■ Input for this task:

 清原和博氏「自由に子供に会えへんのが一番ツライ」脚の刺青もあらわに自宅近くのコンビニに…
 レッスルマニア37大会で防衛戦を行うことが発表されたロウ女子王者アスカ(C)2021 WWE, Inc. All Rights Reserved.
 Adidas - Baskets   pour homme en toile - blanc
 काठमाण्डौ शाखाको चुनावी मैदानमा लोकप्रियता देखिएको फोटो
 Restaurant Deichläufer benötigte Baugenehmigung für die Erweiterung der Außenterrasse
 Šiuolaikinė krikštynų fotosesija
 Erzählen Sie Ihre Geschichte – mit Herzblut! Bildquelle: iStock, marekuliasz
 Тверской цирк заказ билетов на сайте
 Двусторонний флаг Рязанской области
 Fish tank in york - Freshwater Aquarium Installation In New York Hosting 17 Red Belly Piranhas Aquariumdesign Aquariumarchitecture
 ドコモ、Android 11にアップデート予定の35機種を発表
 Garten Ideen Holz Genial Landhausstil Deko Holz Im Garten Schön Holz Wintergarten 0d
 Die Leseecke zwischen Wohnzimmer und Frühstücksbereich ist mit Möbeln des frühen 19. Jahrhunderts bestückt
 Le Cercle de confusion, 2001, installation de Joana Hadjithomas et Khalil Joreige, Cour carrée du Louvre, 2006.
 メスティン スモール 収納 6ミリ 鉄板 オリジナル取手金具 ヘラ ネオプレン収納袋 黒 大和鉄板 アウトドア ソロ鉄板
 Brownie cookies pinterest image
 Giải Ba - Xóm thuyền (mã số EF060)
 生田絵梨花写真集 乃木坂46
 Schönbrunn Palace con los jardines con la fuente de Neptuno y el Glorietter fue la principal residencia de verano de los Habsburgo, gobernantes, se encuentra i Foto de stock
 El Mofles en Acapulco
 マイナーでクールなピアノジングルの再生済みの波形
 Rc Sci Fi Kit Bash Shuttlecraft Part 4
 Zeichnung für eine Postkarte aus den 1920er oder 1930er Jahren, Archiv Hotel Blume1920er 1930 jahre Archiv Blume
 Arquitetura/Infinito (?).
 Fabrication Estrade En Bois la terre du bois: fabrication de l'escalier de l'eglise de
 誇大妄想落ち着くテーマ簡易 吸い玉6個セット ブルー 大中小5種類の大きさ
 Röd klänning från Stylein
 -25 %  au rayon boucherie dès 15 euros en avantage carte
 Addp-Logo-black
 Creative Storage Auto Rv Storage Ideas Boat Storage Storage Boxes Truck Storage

■ Exercise brief: Every line of the material above is to be copied exactly.

■ Result of this exercise:
 清原和博氏「自由に子供に会えへんのが一番ツライ」脚の刺青もあらわに自宅近くのコンビニに…
 レッスルマニア37大会で防衛戦を行うことが発表されたロウ女子王者アスカ(C)2021 WWE, Inc. All Rights Reserved.
 Adidas - Baskets   pour homme en toile - blanc
 काठमाण्डौ शाखाको चुनावी मैदानमा लोकप्रियता देखिएको फोटो
 Restaurant Deichläufer benötigte Baugenehmigung für die Erweiterung der Außenterrasse
 Šiuolaikinė krikštynų fotosesija
 Erzählen Sie Ihre Geschichte – mit Herzblut! Bildquelle: iStock, marekuliasz
 Тверской цирк заказ билетов на сайте
 Двусторонний флаг Рязанской области
 Fish tank in york - Freshwater Aquarium Installation In New York Hosting 17 Red Belly Piranhas Aquariumdesign Aquariumarchitecture
 ドコモ、Android 11にアップデート予定の35機種を発表
 Garten Ideen Holz Genial Landhausstil Deko Holz Im Garten Schön Holz Wintergarten 0d
 Die Leseecke zwischen Wohnzimmer und Frühstücksbereich ist mit Möbeln des frühen 19. Jahrhunderts bestückt
 Le Cercle de confusion, 2001, installation de Joana Hadjithomas et Khalil Joreige, Cour carrée du Louvre, 2006.
 メスティン スモール 収納 6ミリ 鉄板 オリジナル取手金具 ヘラ ネオプレン収納袋 黒 大和鉄板 アウトドア ソロ鉄板
 Brownie cookies pinterest image
 Giải Ba - Xóm thuyền (mã số EF060)
 生田絵梨花写真集 乃木坂46
 Schönbrunn Palace con los jardines con la fuente de Neptuno y el Glorietter fue la principal residencia de verano de los Habsburgo, gobernantes, se encuentra i Foto de stock
 El Mofles en Acapulco
 マイナーでクールなピアノジングルの再生済みの波形
 Rc Sci Fi Kit Bash Shuttlecraft Part 4
 Zeichnung für eine Postkarte aus den 1920er oder 1930er Jahren, Archiv Hotel Blume1920er 1930 jahre Archiv Blume
 Arquitetura/Infinito (?).
 Fabrication Estrade En Bois la terre du bois: fabrication de l'escalier de l'eglise de
 誇大妄想落ち着くテーマ簡易 吸い玉6個セット ブルー 大中小5種類の大きさ
 Röd klänning från Stylein
 -25 %  au rayon boucherie dès 15 euros en avantage carte
 Addp-Logo-black
 Creative Storage Auto Rv Storage Ideas Boat Storage Storage Boxes Truck Storage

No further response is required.